En el tercer día del curso de retiro, creo que Dios Padre en su infinita misericordia me hizo ver que, si así lo decidía, podía ofrecerle ese enorme sacrificio y Él me concedería su gracia; pero no era necesario hacerlo para seguir intentando ser santo. Sentí en lo profundo de mi ser mi libertad, creada y querida por Dios: percibí que me presentaba dos caminos, y en ambos podía seguirle y amarle, porque en la vida ordinaria no suele exigir un heroísmo descarnado como única condición para acompañarle.

Esa certeza selló mi decisión. Habiendo dicho que no en algo serio, y sabiendo que volvería a decidir lo mismo, no me veía en condiciones de continuar y engañarme sobre lo que la entrega de numerario comporta. Me fui a España, lo hablé con mis padres (¡qué buenos y comprensivos son!), me concedí un mes de prueba que confirmó que yo seguía siendo el mismo, pedí la dispensa, dos semanas más tarde me mudé del centro y recibí la dispensa a los dos meses y medio, habiendo dejado claro que mi decisión era definitiva, tomada después de varios meses de reflexión continua en la presencia de Dios.

Quiero constatar que no dudo de que los directores obraran con rectitud de intención, probablemente movidos por lo que creían que debían hacer por mi propio bien. No descarto que en ese momento fueran instrumentos de los inescrutables designios de Dios. Un sacerdote numerario - ahora vicario en otra región - usó el ejemplo del diamante en el cerebro: "el diamante es una piedra preciosa, pero no está a gusto incrustado en un cerebro". Nunca me dijeron que me condenaría; nunca negaron que Dios podía estar llamándome a otro camino u ofreciéndome otra alternativa; nunca rechazaron la posibilidad de que Dios me hubiera querido en la Obra durante unos años, pero no de por vida. Claro que tampoco lo asintieron: después de diecinueve años de numerario feliz, no creo que nadie fuera capaz de afirmar que debería irme, y en mis hombros y en mi conciencia - que estaba en paz con Dios y abandonada en su misericordia - cayó toda esa responsabilidad.

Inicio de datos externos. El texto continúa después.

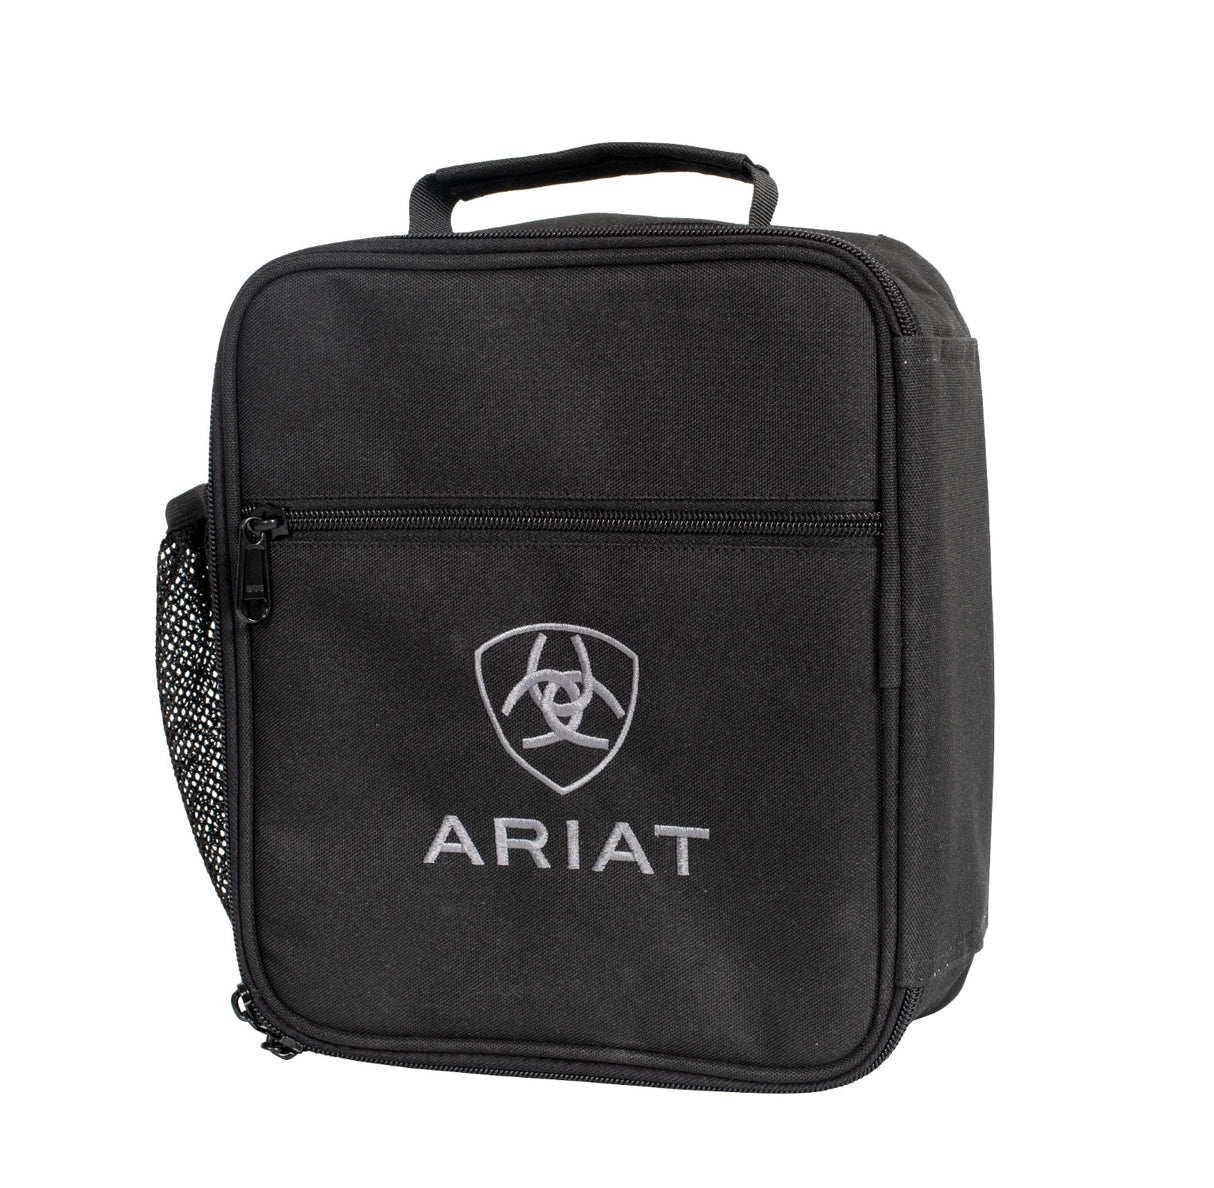 Ariat Lunch Box 2 Colours

¿Cómo me ha ido desde entonces? Ya he dicho en otras ocasiones que siguieron tratándome con cariño y respeto. La primera vez que me confesé con un cura numerario, después de haber salido, me recibió con un "¡Hombre! ¿dónde has estado? Te he estado esperando". Recibí correos verdaderamente conmovedores de otros miembros de la Obra cuando se enteraron de que me había ido, y siguen felicitándome por mi cumpleaños, como lo hicieron por mi boda.

No es por "pasarle a nadie por las narices el boleto del cuponazo", pero he de agradecer a Dios la gran suerte que he tenido. Encontré un apartamento asequible, me pude sostener por mi cuenta y continuar con un trabajo que me realiza. Seguí con mi vida de piedad y frecuencia de sacramentos. Tuve la enorme fortuna de conocer a una mujer extraordinaria, católica practicante, hispana, médico, inteligente, guapa, simpática, divertida, y encima de mi estatura (soy más bien bajito, y eso aquí en USA te pone las cosas un poco chungas); Dios sabe por qué se enamoró de mí. Pasamos dos años de noviazgo a distancia, volando tres horas cada dos fines de semana para poder vernos, y nos casamos hace dos años. Veo a esta primera y única novia que he tenido como mi "ciento por uno". Desde que me enamoré de ella, no he vuelto a tener esos apegamientos afectivos que me descompensaban.

Reconozco que mi salida fue mucho menos traumática que la de otros. Coinciden varias circunstancias: en los años del 2000 las cosas han madurado en la Obra, y no se ven como se veían antes; éste es un país de gran respeto a la conciencia de las personas; yo tenía trabajo externo, fuente de ingresos y muchos amigos; encontré un ámbito para mi vida afectiva nada más salir; soy el tipo de persona que si ve clara una decisión, no se queda sufriendo y prolongando lo inevitable; siempre fui consciente de mi libertad; tuve mucha, mucha suerte; y gozo de una familia que siempre me ha apoyado humana y sobrenaturalmente en todo.

Ahí está. Os ruego por favor, con lo que me ha costado abrirme, que el que quiera hacer comentarios guarde un poquito las formas.